Sexual Harassment Prevention Checkup - The Basics of Training and Posting

The headlines of the week nationally have certainly surrounded sexual harassment allegations both old and new.  (Note: Due to my firm's involvement in one of those cases, I will not be blogging on it). 

But with the issue back in the forefront, I've been surprised lately in my discussions by how some small to mid-size employers are overlooking the basics in Connecticut.   Do they believe that such conduct just doesn't exist anymore or do they believe that their employees "know it all" about the subject? While claims of sex discrimination filed with the EEOC are down nearly 10 percentt from their peak in 2002, the numbers hardly show such a pronounced drop off that would indicate we've "solved' the problem of sexual harassment in the workplace.  Indeed over 20,000 complaints were still filed with the EEOC as of 2006.
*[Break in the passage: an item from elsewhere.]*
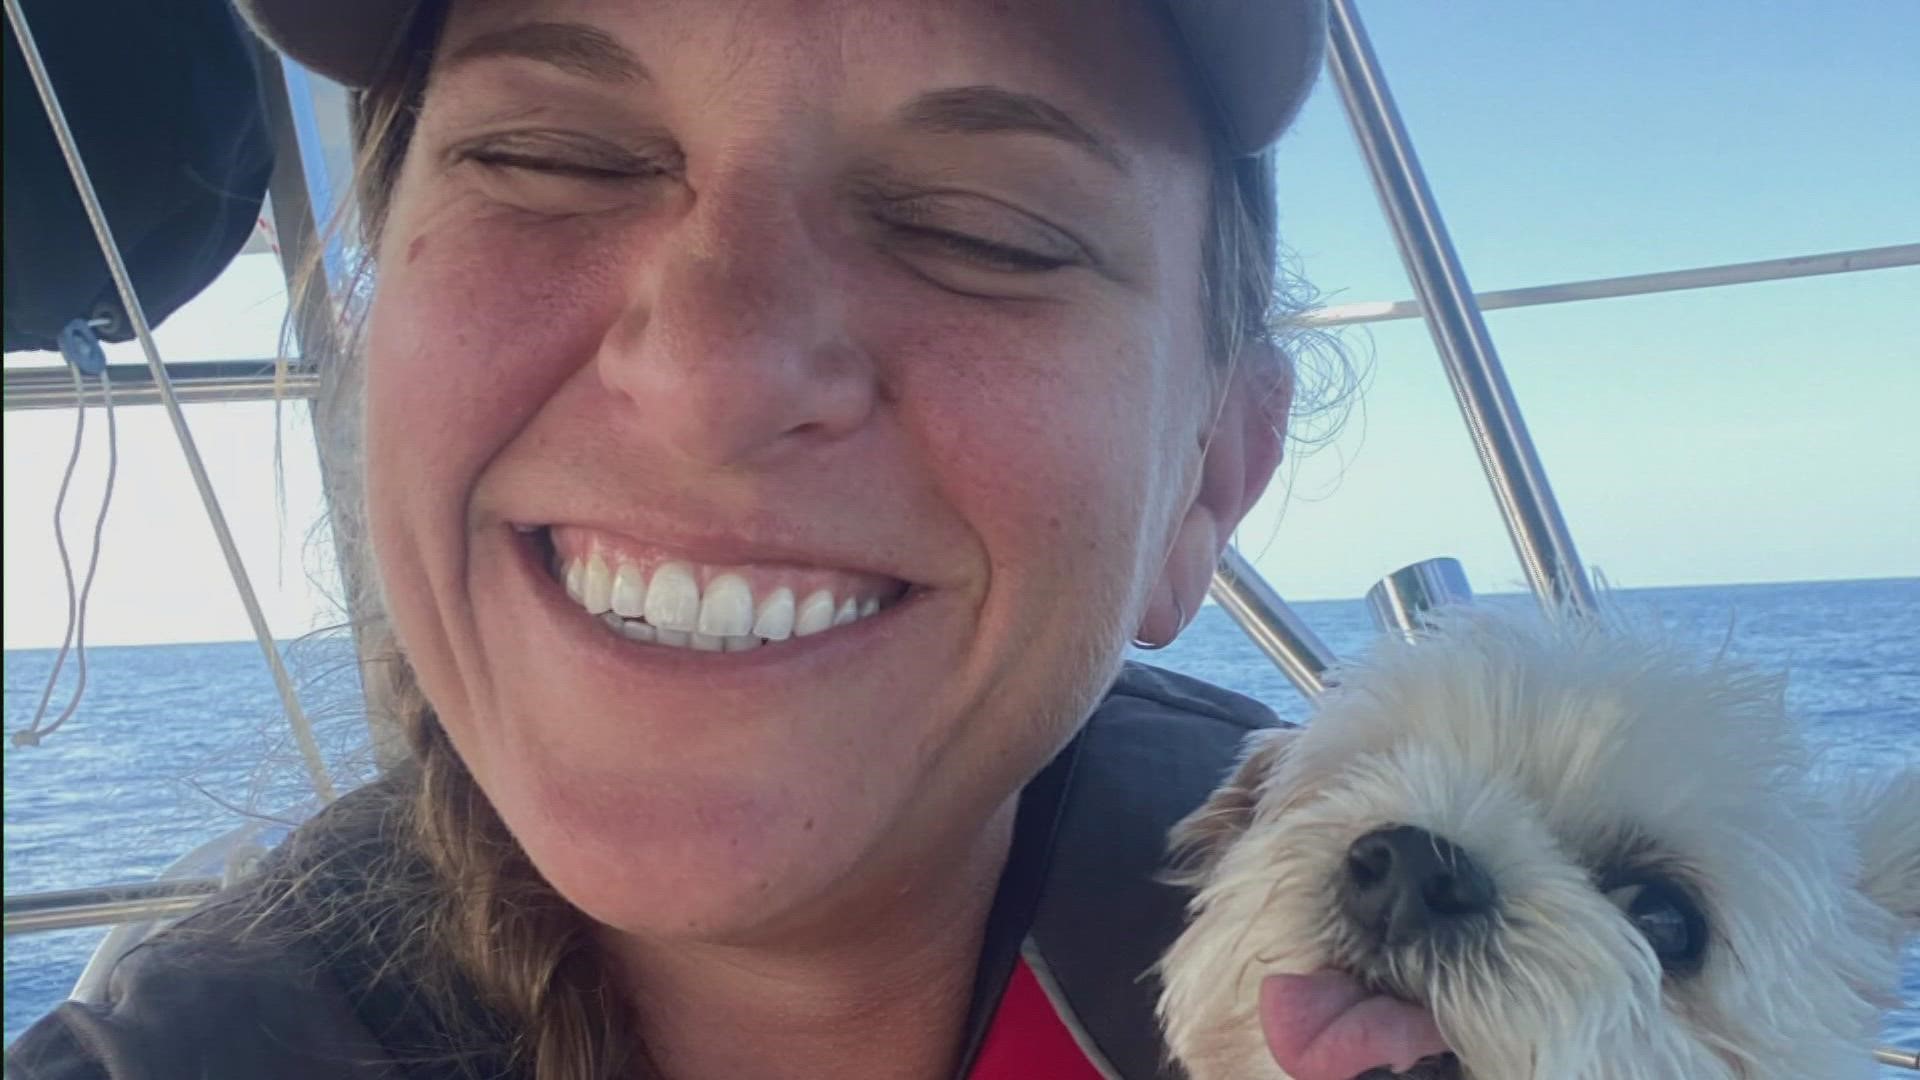 Jenny Decker wants to be the first person with a rare neurological disorder to solo sail around the world. She describes her journey so far.

What do I mean by the basics? In Connecticut, its training and posting.  These requirements are found in the administrative regulations , Conn. Regs 46a-54-200 et seq. set up by the CHRO regarding sexual harassment prevention. 

  • For posting: All employers who have 3 or more employees must notices that say sexual harassment is illegal and address what the remedies are for such harassment.  The regulations all spell out in specifics that the notices must contain certain elements. Fortunately, the CHRO has also prepared a model poster that complies with the statute and is available for free download

Of course, there are other laws as well that require postings to be set up.  Rather than address each law separately, consider using a company that specializes in such posters, like G.Neil. 
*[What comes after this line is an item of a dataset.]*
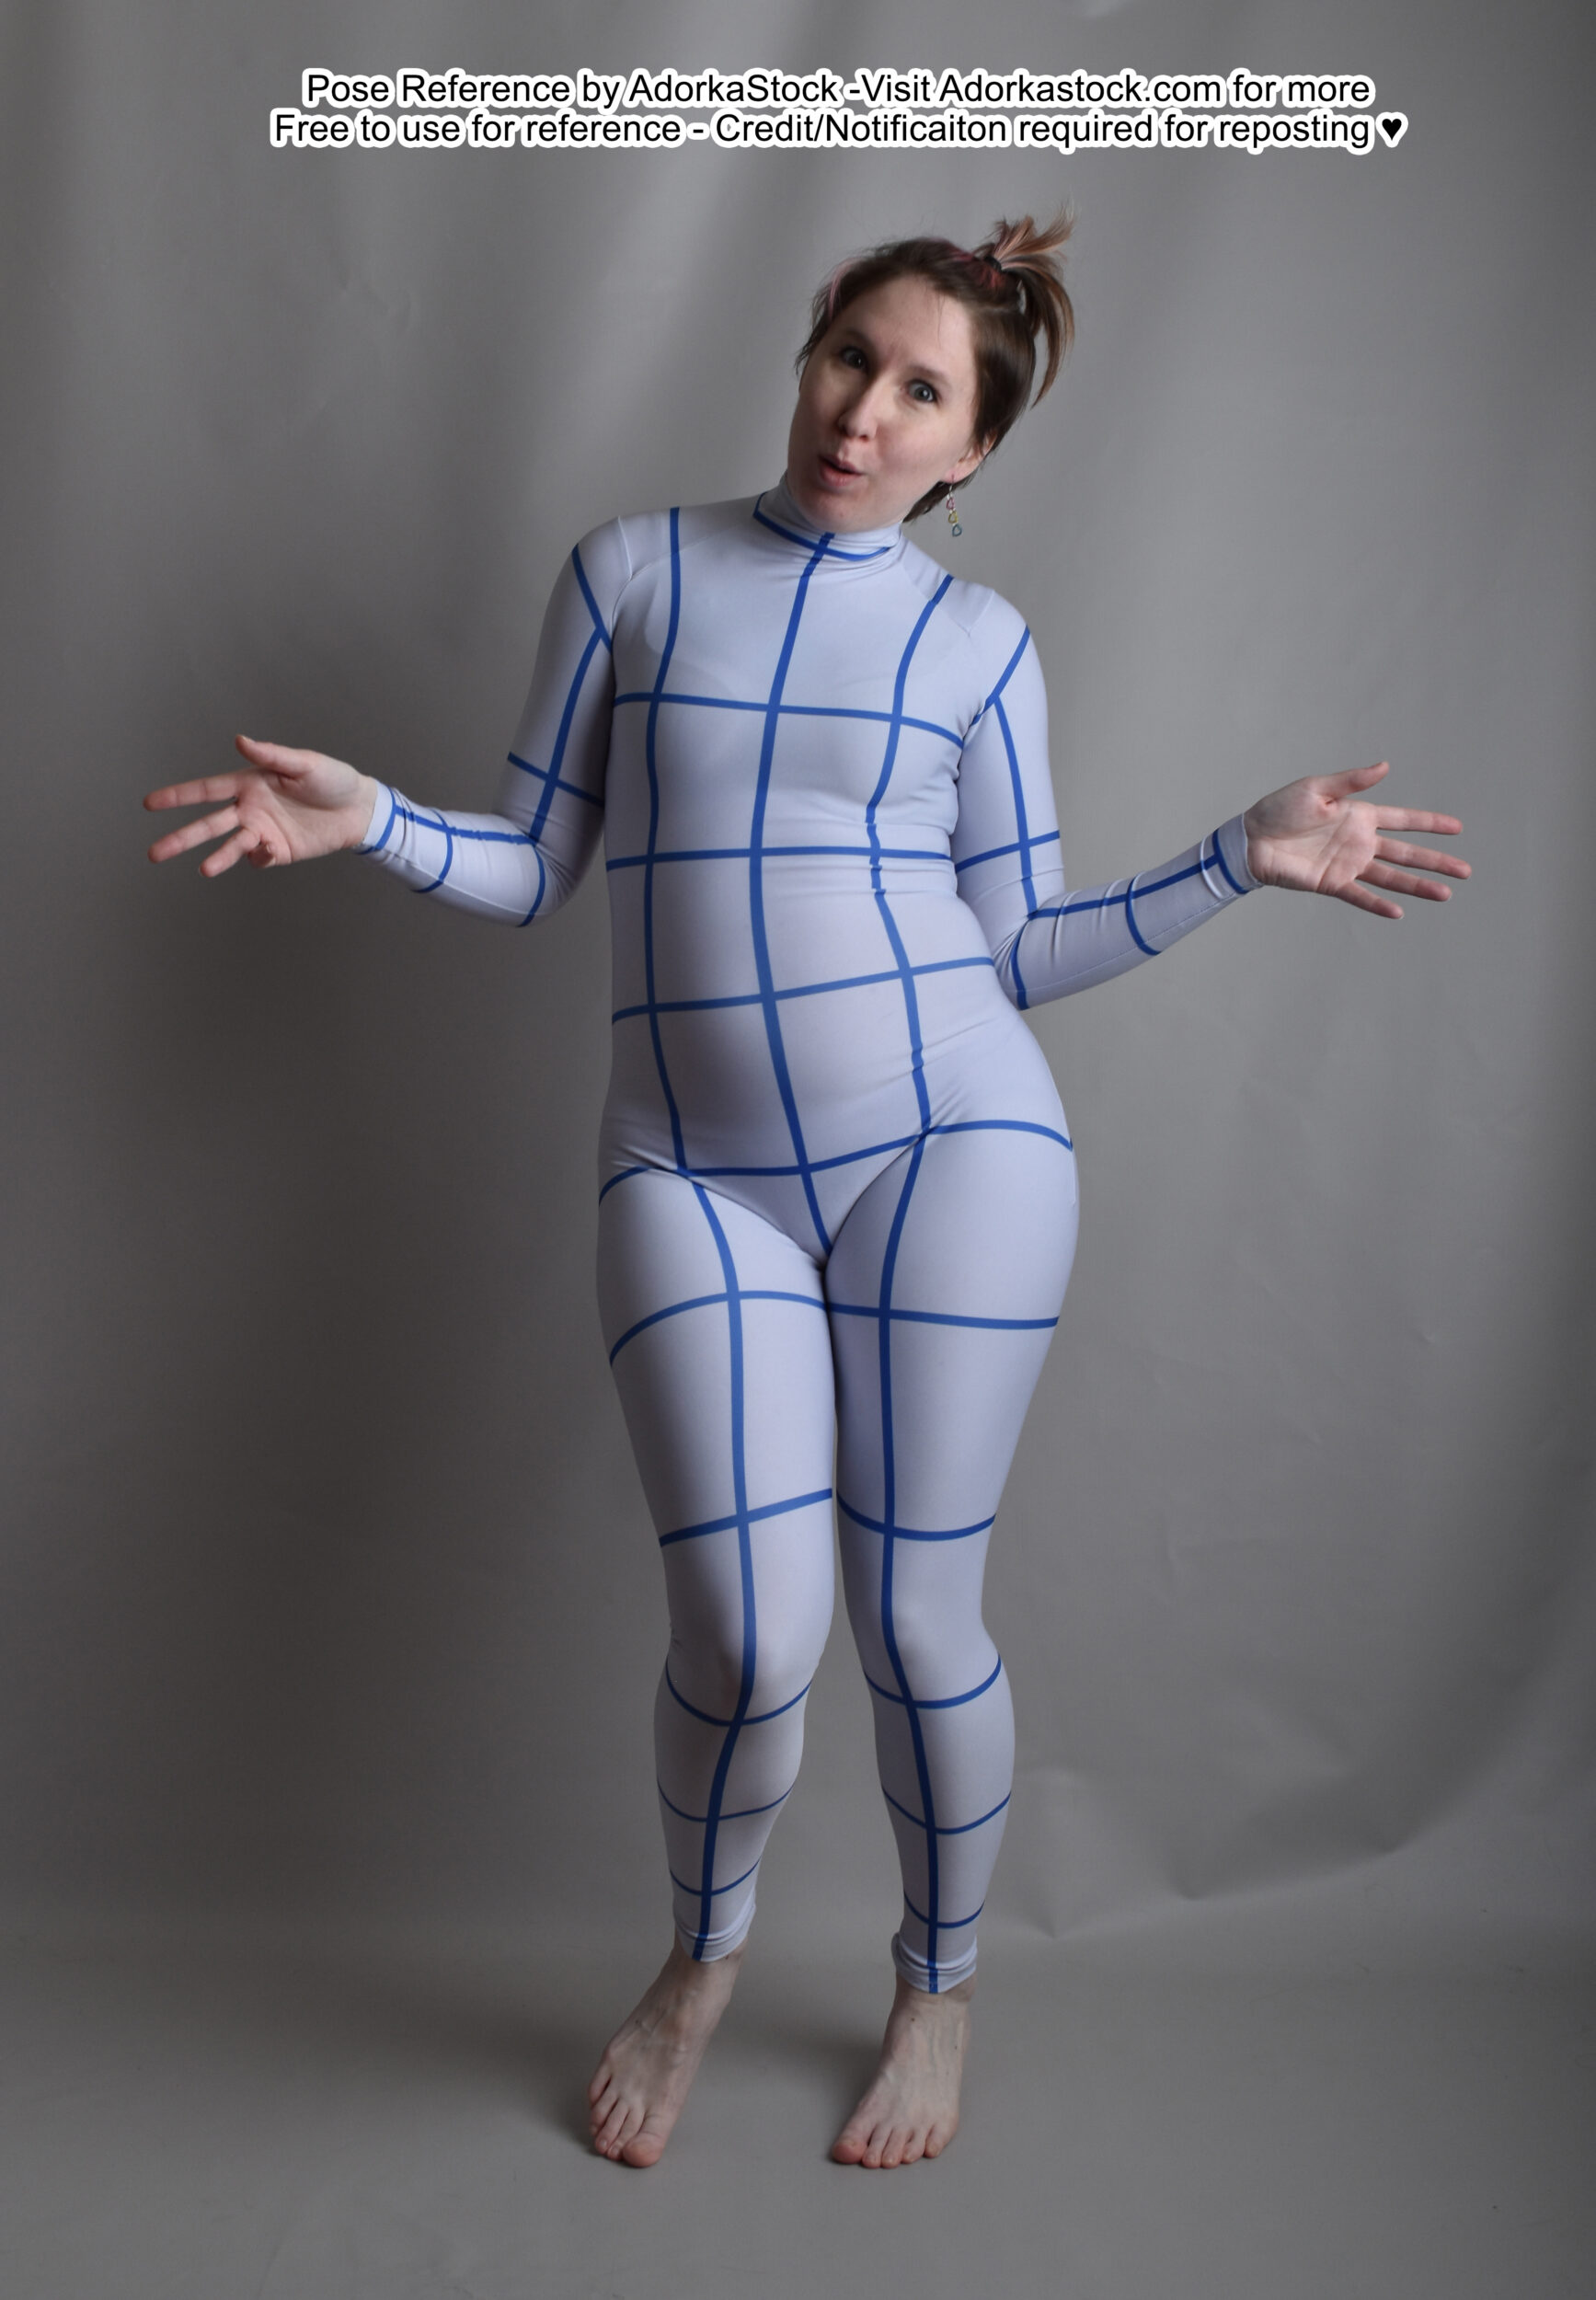 thin, white, female pose reference model in grid suit pose reference with arms out in a open hand shrug with weight shifted a bit onto one foot

  • For training: The training requirements only apply to employers who have 50 or more employees and apply only to supervisory employees.  (This does not mean that employers who have less than 50 should NOT provide the training; instead, it means that they are not required to conduct such training.) 

Specifically, within 6 months of a new supervisor being hired or an employee being promoted to a supervisory position, the employee must receive at least two hours of training.  The format of the training is fairly rigid; according to the regulations:

Such training and education shall be conducted in a classroom-like setting, using clear and understandable language and in a format that allows participants to ask questions and receive answers.

Since that time, the CHRO has indicated, in an informal opinion, that some e-learning training may satisfy this requirement.  Regardless, the training must also include discussion of six discrete topics such as what the state and federal laws say, what types of conduct could be considered sexual harassment, and discussing strategies for preventing such harassment.

Here the kicker: The regulations suggest (but do not mandate) that such training be updated for ALL supervisory employees every three years.   What does this mean? It means that if an employer wants to project an image that it has a strong policy against sexual harassment, it should follow this advisory regulation to show that it is doing above and beyond what is required.

The regulations also suggest (but do not mandate) that records be kept of the training. Again, the regulations suggest a course of action that employers would be wise to follow.

Certainly, the workplace has changed in the 16 years since the issues surrounding Supreme Court Justice Clarence Thomas and Professor Anita Hill became so widely publicized. But for employers in Connecticut, sustained vigilance is needed to make sure these changes and the progress that has been made, stick.